Approaches to Choosing Probability Distributions

As noted earlier, the most challenging task in creating a simulation model often involves selecting appropriate probability distributions (and associated parameters) to describe the behavior of each uncertain input variable. In some cases, you might have data on the past (historical) behavior of your uncertain input variables that can assist in this task; in other cases, you probably won't.  Following are some suggestions for choosing probability distribution in each of these cases.  

When Past Data is Available

If you have, or you can collect data on the past performance of the uncertain variable -- and if you believe that past performance is likely to be representative of future performance -- you have three options:

  • If you have a reasonably large number of observations of past performance of the variable, compared to the number of simulation trials you want to run, you can use the past data itself for simulation trials.  This is sometimes called a “trace-driven simulation.”  In Risk Solver, you can use past data in the form of a SIP (Stochastic Information Packet), and use the PsiSip() or PsiSlurp() distribution function for the uncertain variable.
  • If -- as is often the case -- you have a relatively small number of observations of past performance compared to the number of trials you want to run, you may be better off resampling the past performance data.  Instead of using all of the past observations (one per simulation trial), you randomly sample the past observations on each trial.  In Risk Solver, you can place past data in a cell range or SIP, and use the PsiDisUniform() function (single values) or the PsiResample() function (multiple values) for the uncertain variable.
  • If you can fit the data (past observations) to a specific type of analytic distribution and its parameters, and if there is reason to believe that the underlying process that the uncertain variable is measuring is consistent with the assumptions from which the analytic distribution is derived, you can use this distribution (for example PsiNormal, PsiWeibull, etc.) for the variable.  You can use Risk Solver to automatically find the best-fitting analytic distribution.

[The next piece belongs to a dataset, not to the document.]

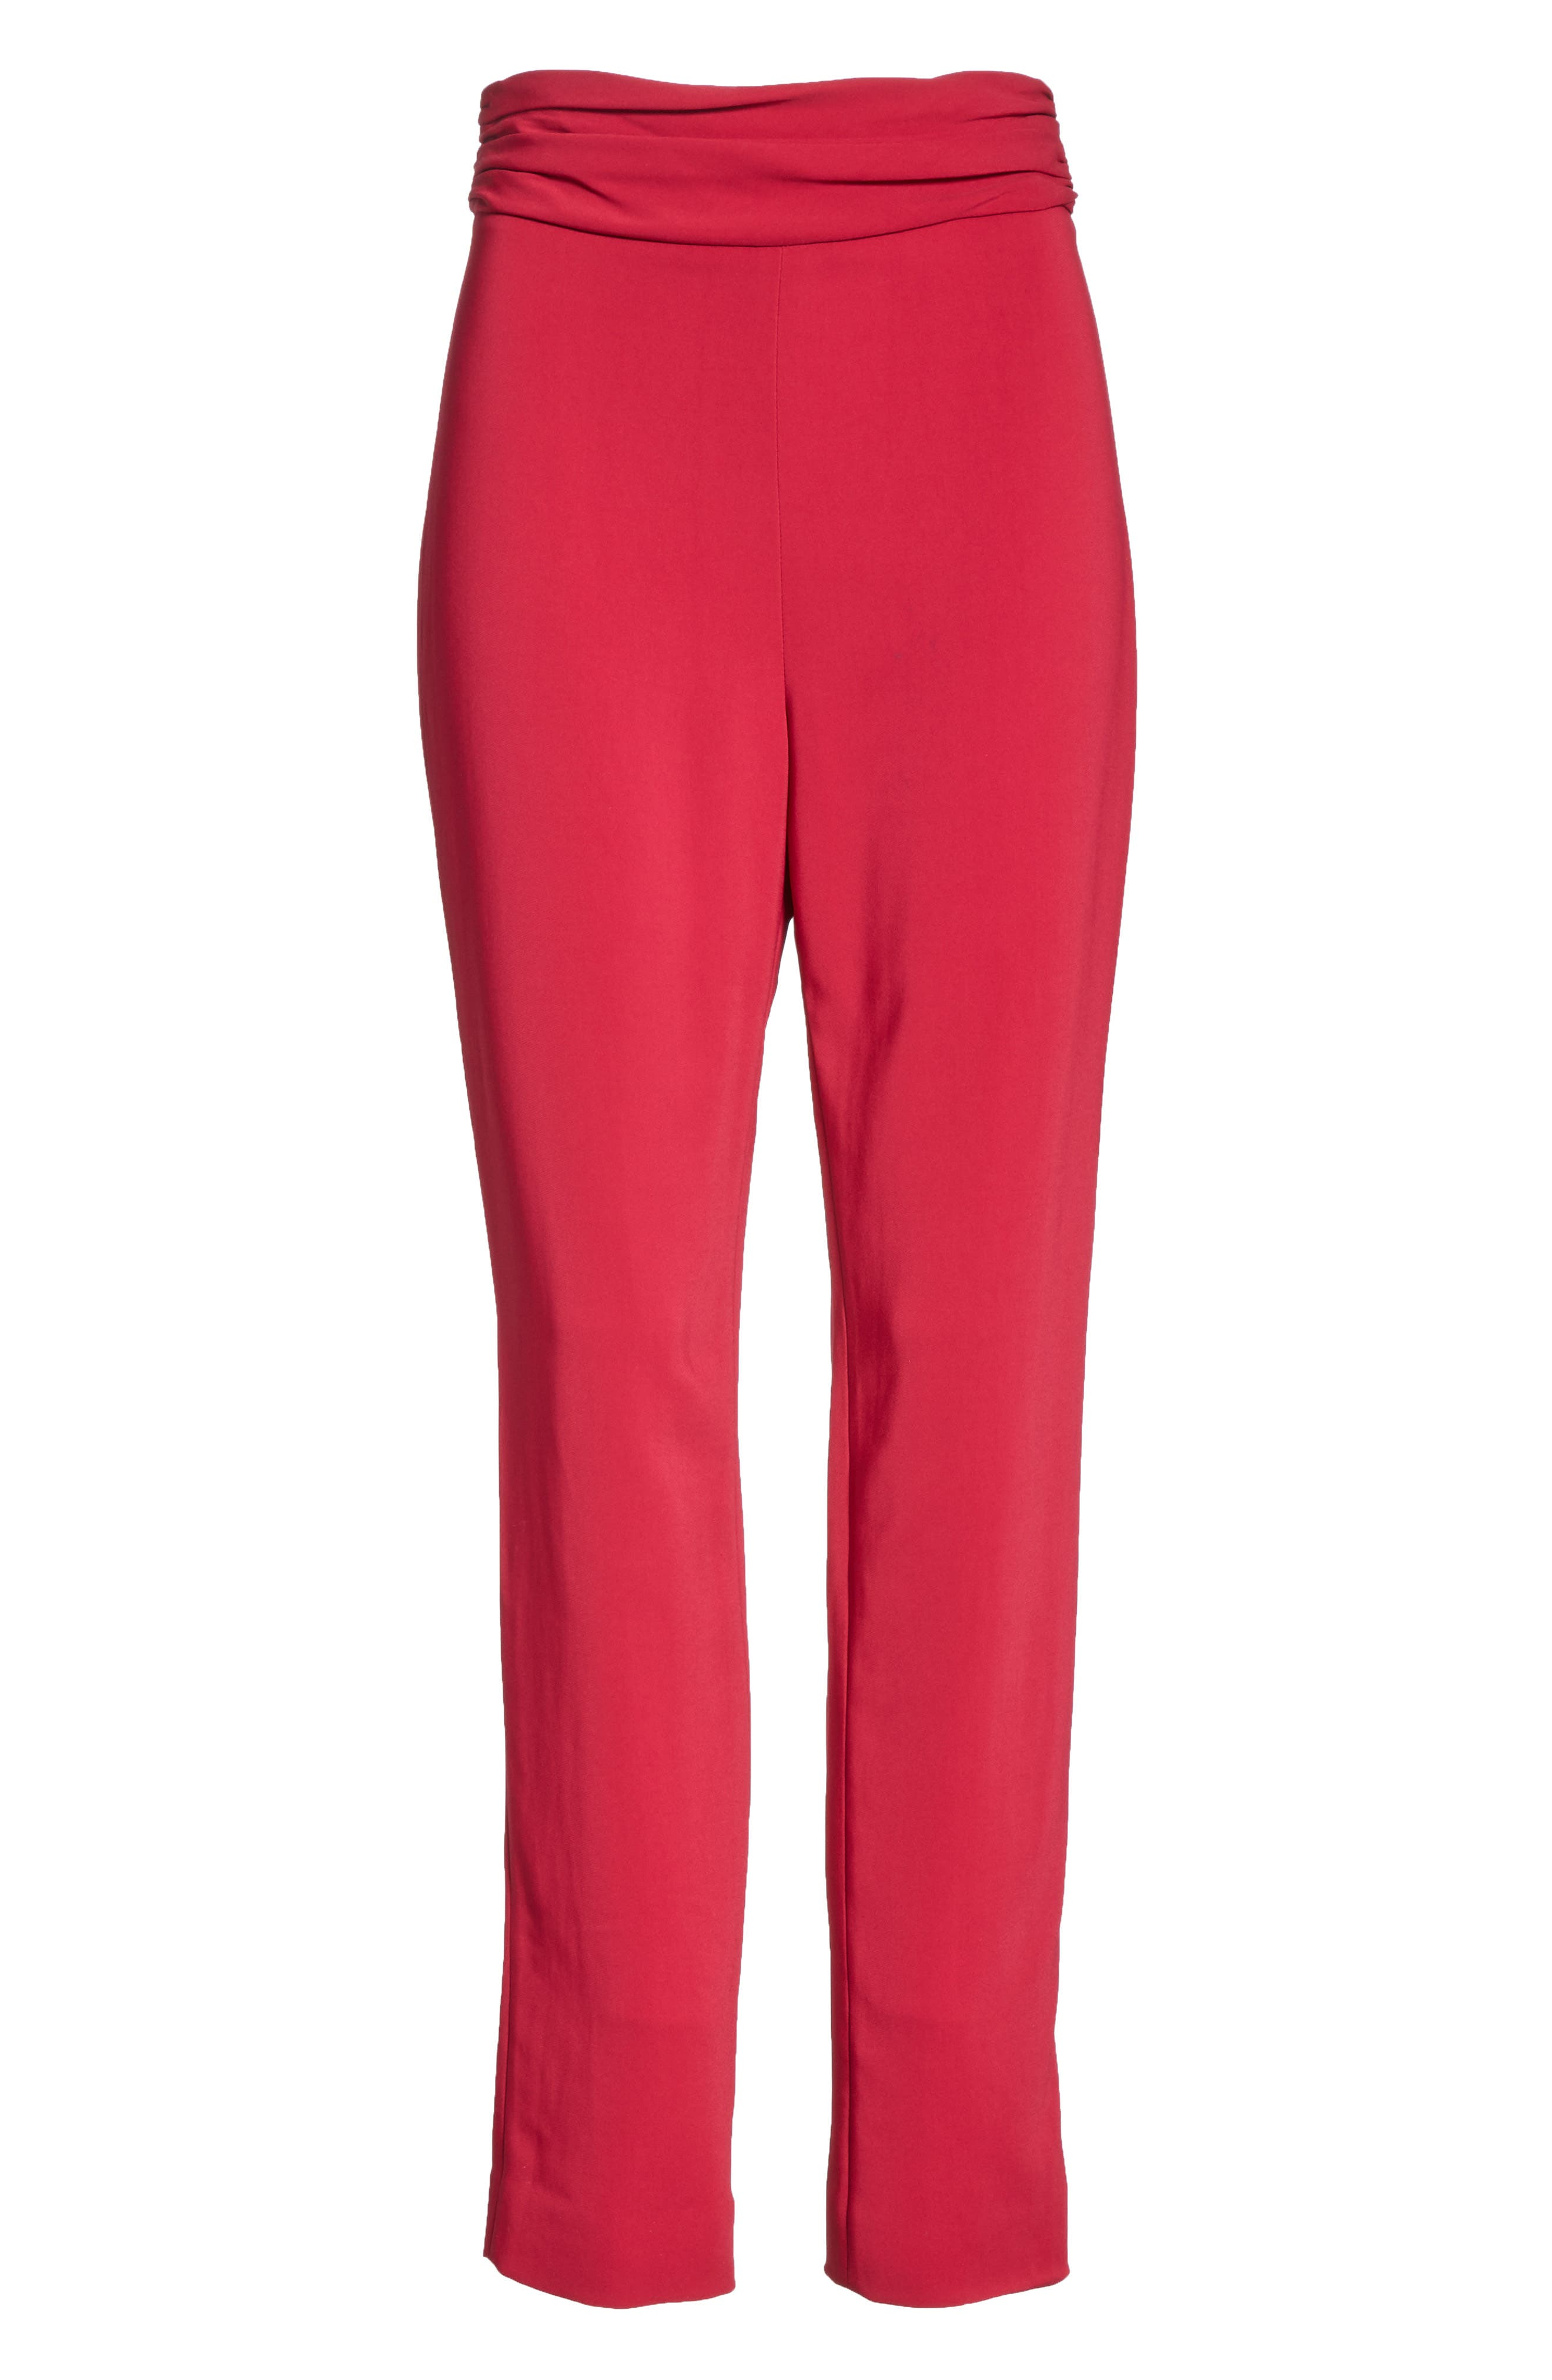 CUSHNIE, High Waist Pants, Alternate thumbnail 6, color, CAMELLIA

When Past Data is Not Available

If you don’t have, and you cannot easily collect data on the past performance of the uncertain variable -- or if past performance is not likely to be representative of future performance -- you must tackle the problem in a different way:

  • Consult the literature for your industry, if available, to find examples of applications like yours where simulation models were built.  Find out -- by contacting the authors if necessary -- what kinds of distributions were used for the uncertain variables, and the rationale for choosing them.
  • If you cannot find reports on industry-specific applications like yours, consult the publications of professional societies like INFORMS, where simulation applications are reported.  One rich source is the past proceedings of the Winter Simulation Conference (
  • The Risk Solver User Guide has a chapter PSI Function Reference, with descriptions of 40 different analytic and custom distribution functions, including brief comments on the types of applications where each distribution has been used in the past.
  • To learn more about analytic distributions, consult textbooks such as Simulation Modeling and Analysis, 4th Ed. by Averill Law, Statistical Distributions, 3rd Ed. by Evans, Hastings and Peacock, Univariate Discrete Distributions, 3rd Ed. by Johnson, Kemp and Kotz, or Continuous Univariate Distributions, Vol. 1 & 2, 2nd Ed. by Johnson, Kotz and Balakrishnan.

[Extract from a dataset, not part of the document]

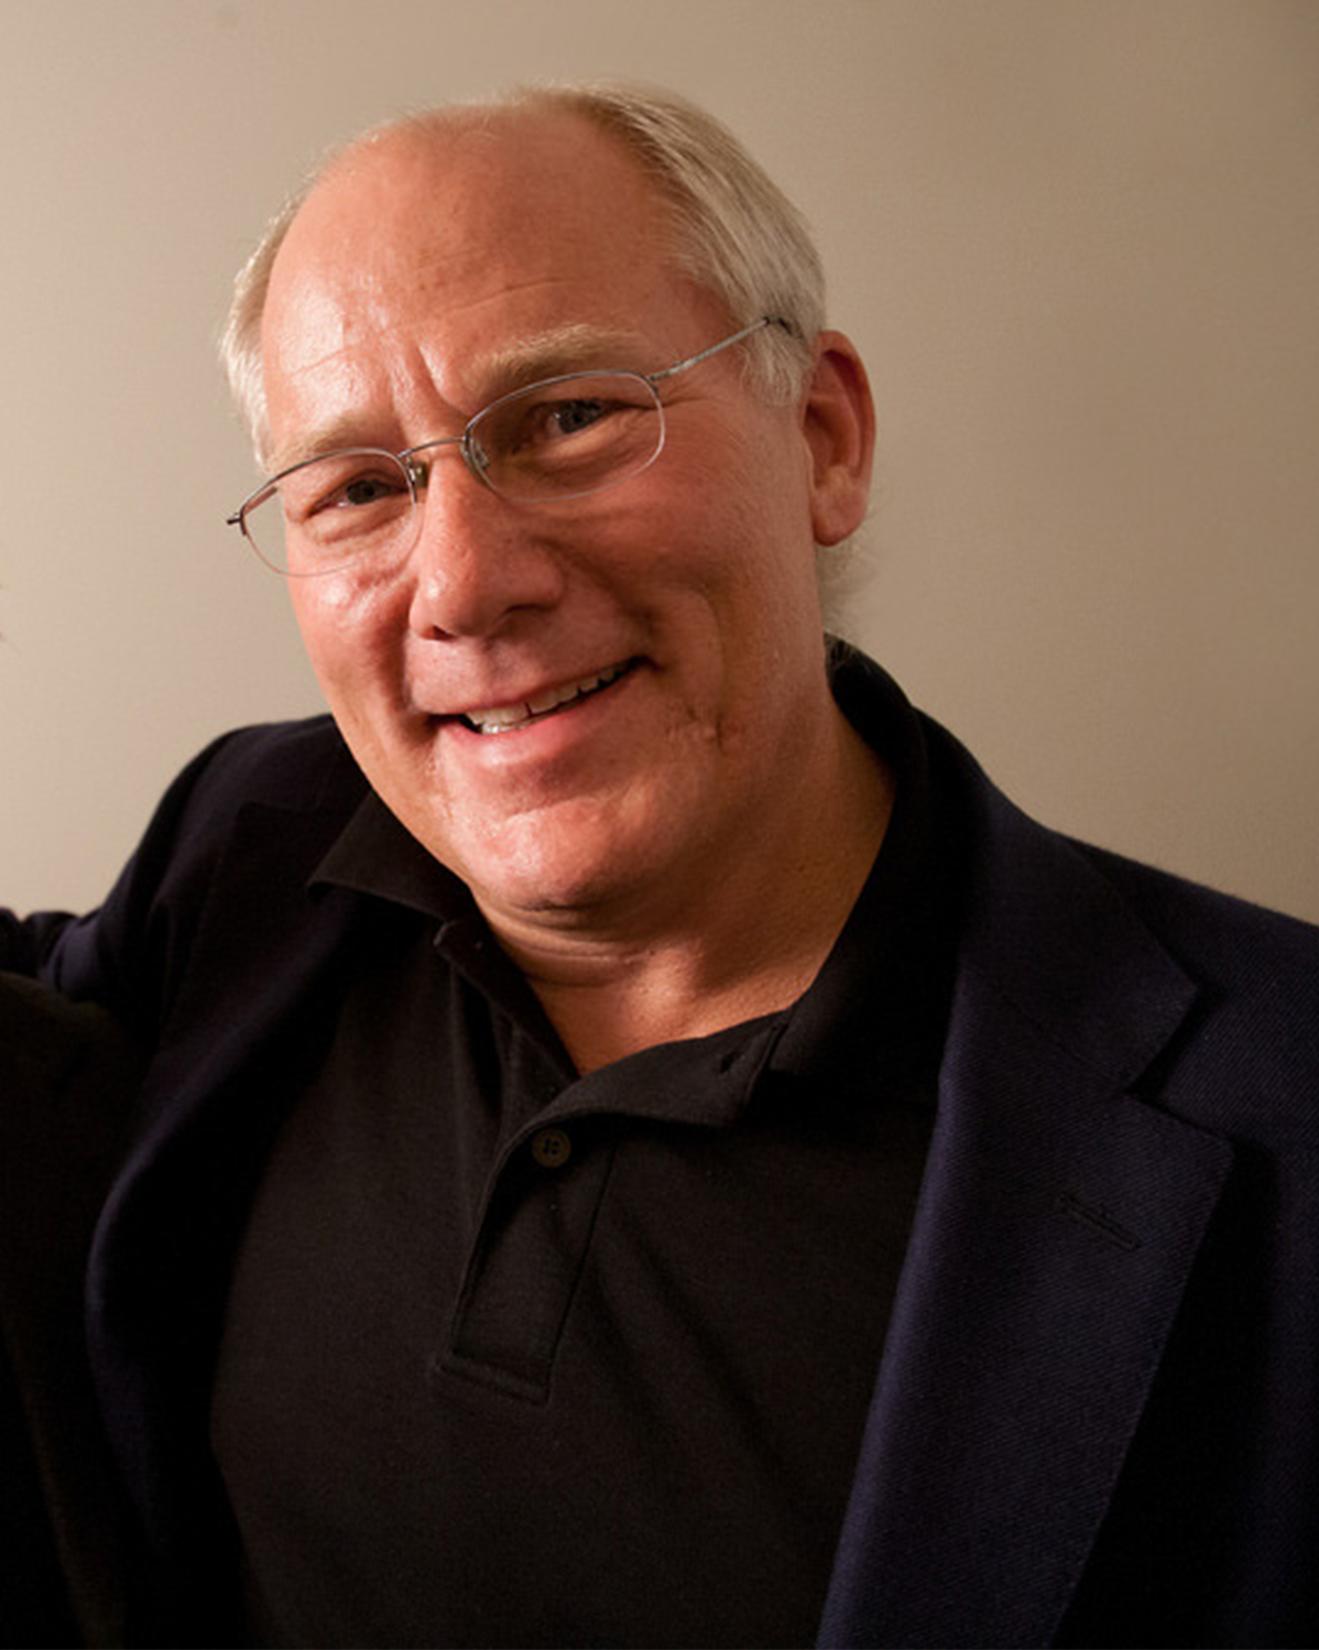 Dr. Andy Aldrin | President, Aldrin Family Foundation

You are well-advised to keep it simple!  Many physical, social and biological phenomena are well described by the Normal distribution, or -- if the possible values are equally likely to occur, as in a coin flip or single die -- the Uniform distribution.  Bear in mind that when any set of distributions are summed, the result (quickly) tends towards the Normal distribution.

Applications that involve queuing -- customers arriving or departing, parts awaiting assembly, etc. -- have been well studied, so you can often find appropriate distributions in the literature.  Applications that use the Project Evaluation and Review Technique (PERT) can often use the PsiPert() function in Risk Solver to model uncertainty.